* Exercise directions:
The listing below is to be given again in full and word for word, without its images.

* Collected material:
════════════════════
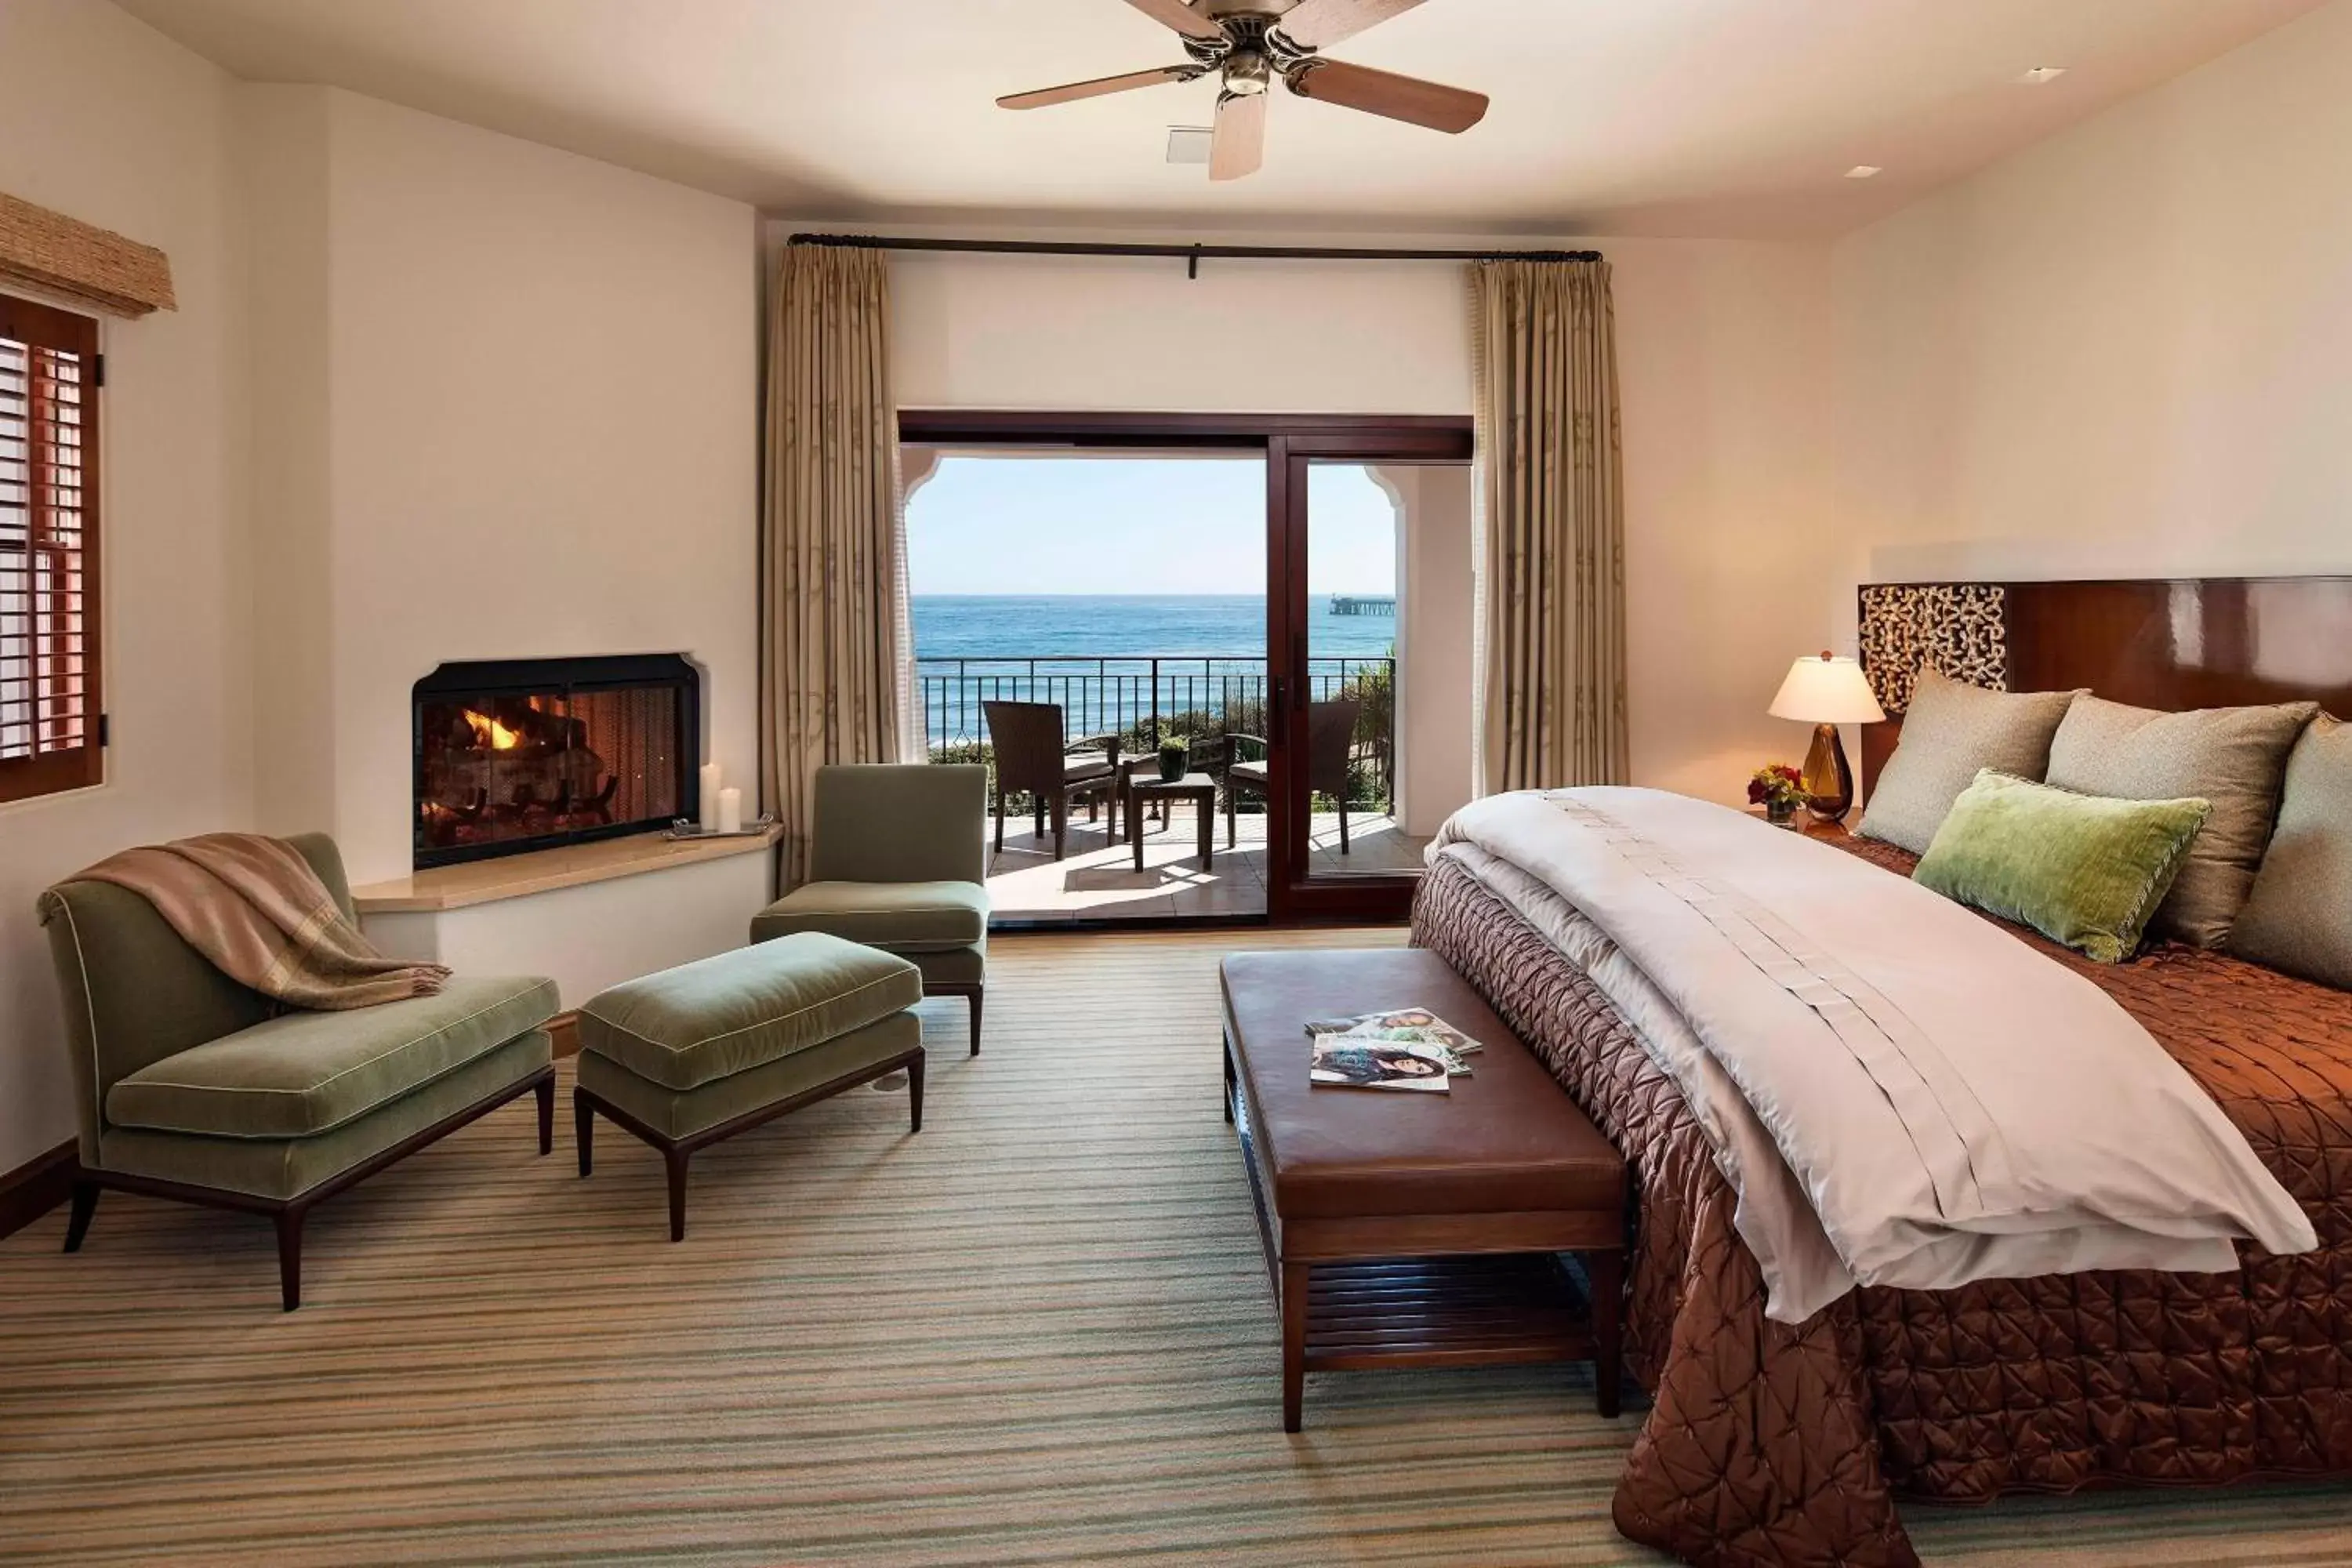 Photo of the whole room in The Ritz-Carlton Bacara, Santa Barbara
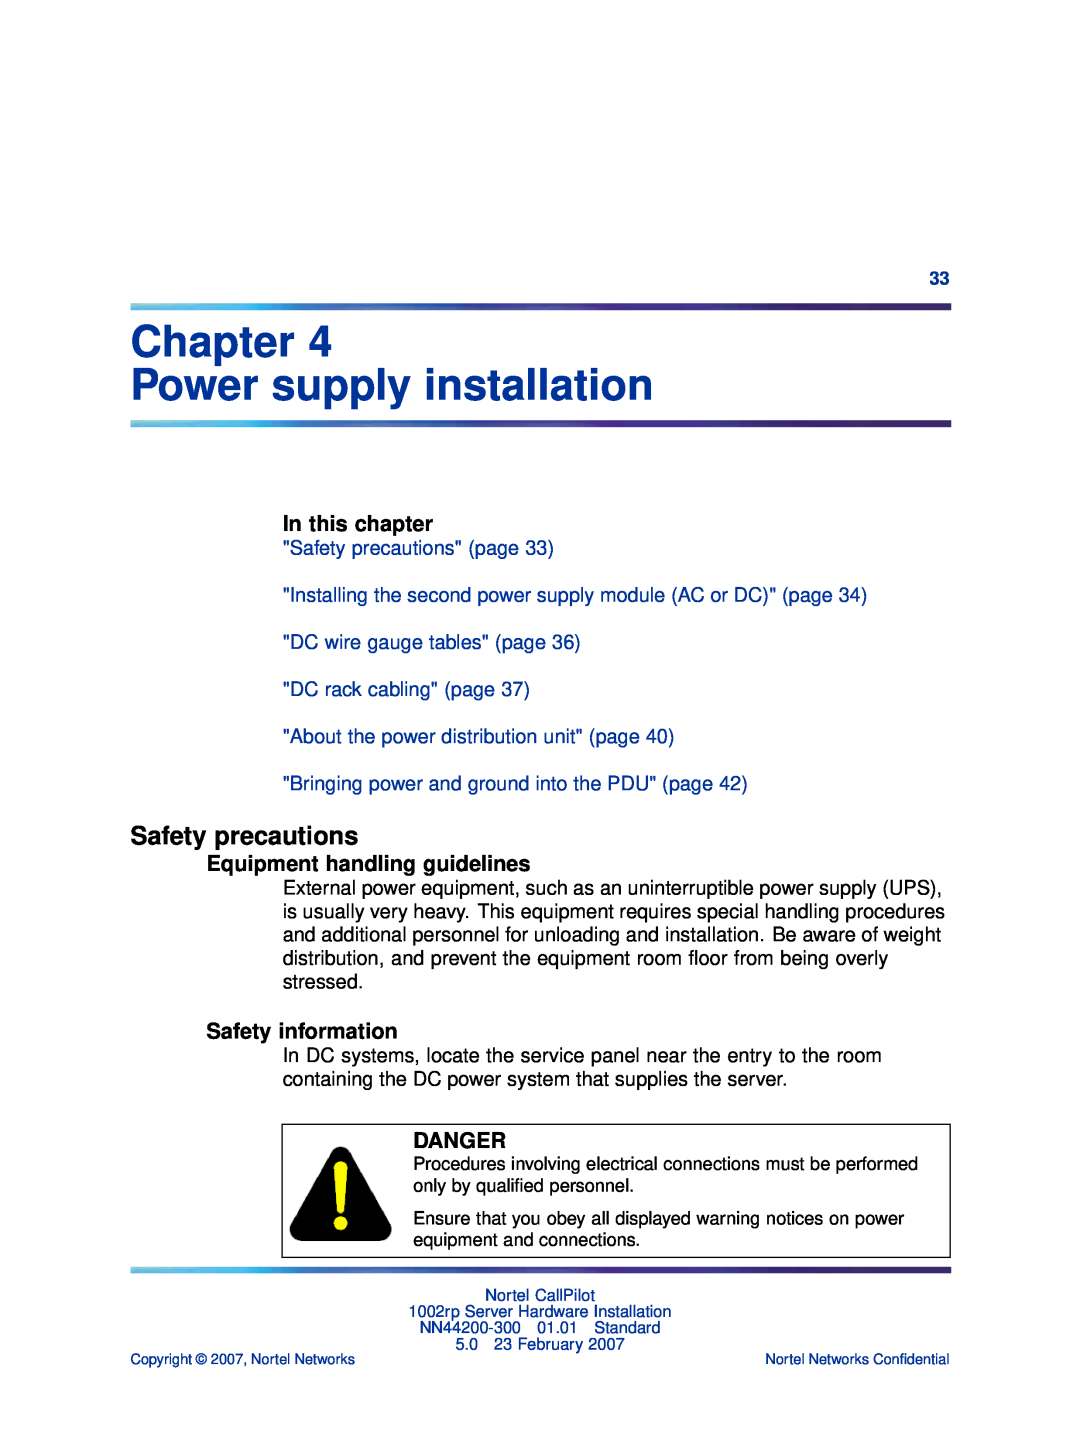 Nortel Networks NN44200-300 Chapter Power supply installation, Safety precautions, Equipment handling guidelines, Danger 
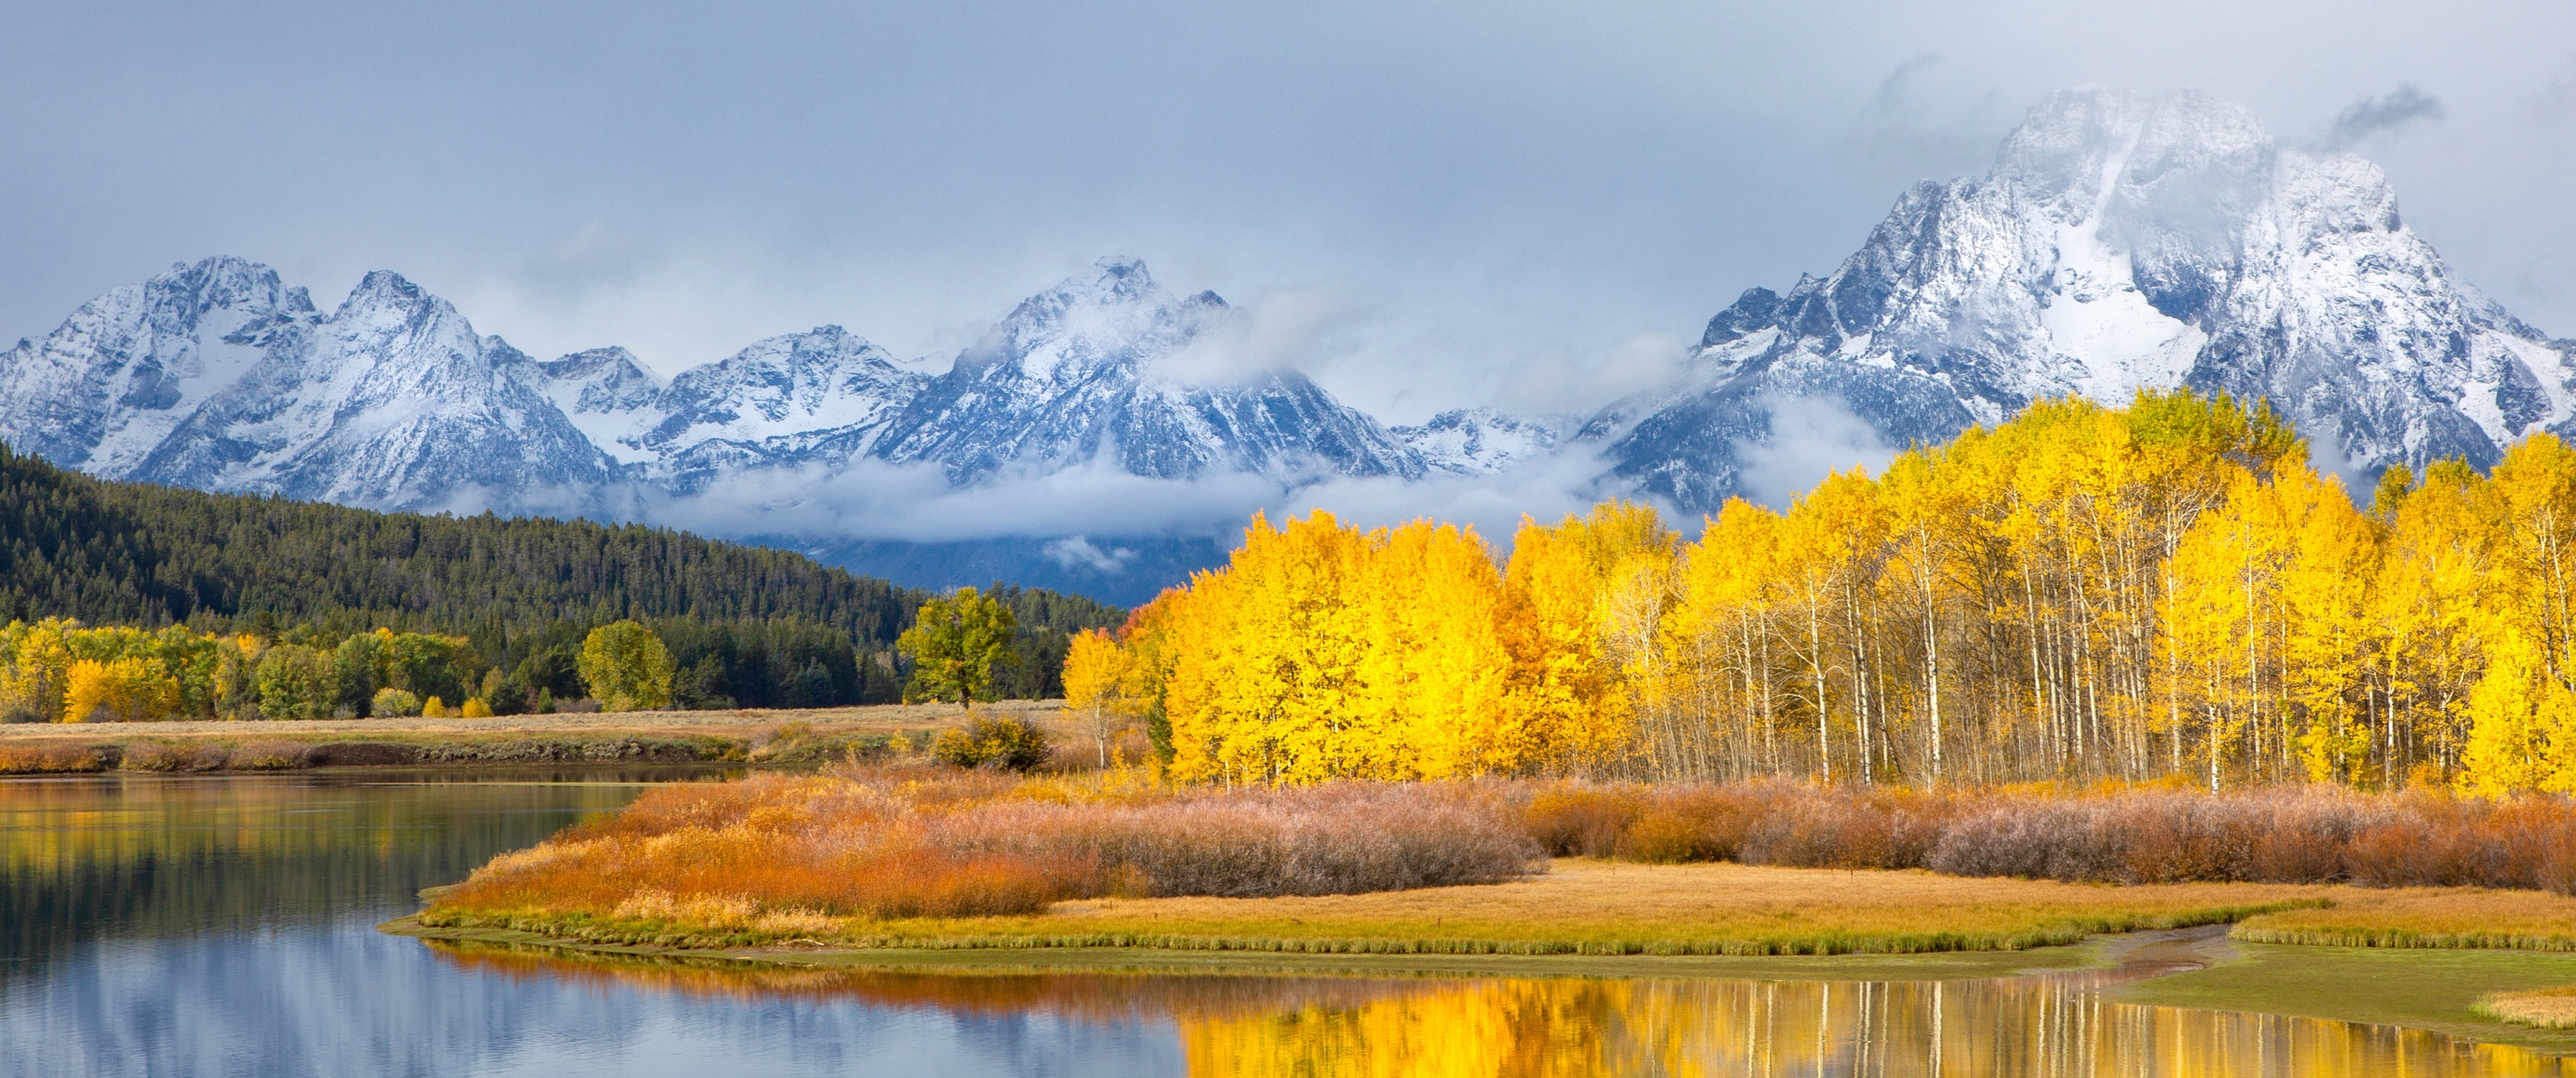 Aspen Tree, Winter wonderland, Lakeside beauty, Cold season charm, 3440x1440 Dual Screen Desktop
════════════════════
* Result of the exercise:
 Photo of the whole room in The Ritz-Carlton Bacara, Santa Barbara
 Nortel Networks NN44200-300 Chapter Power supply installation, Safety precautions, Equipment handling guidelines, Danger 
 Aspen Tree, Winter wonderland, Lakeside beauty, Cold season charm, 3440x1440 Dual Screen Desktop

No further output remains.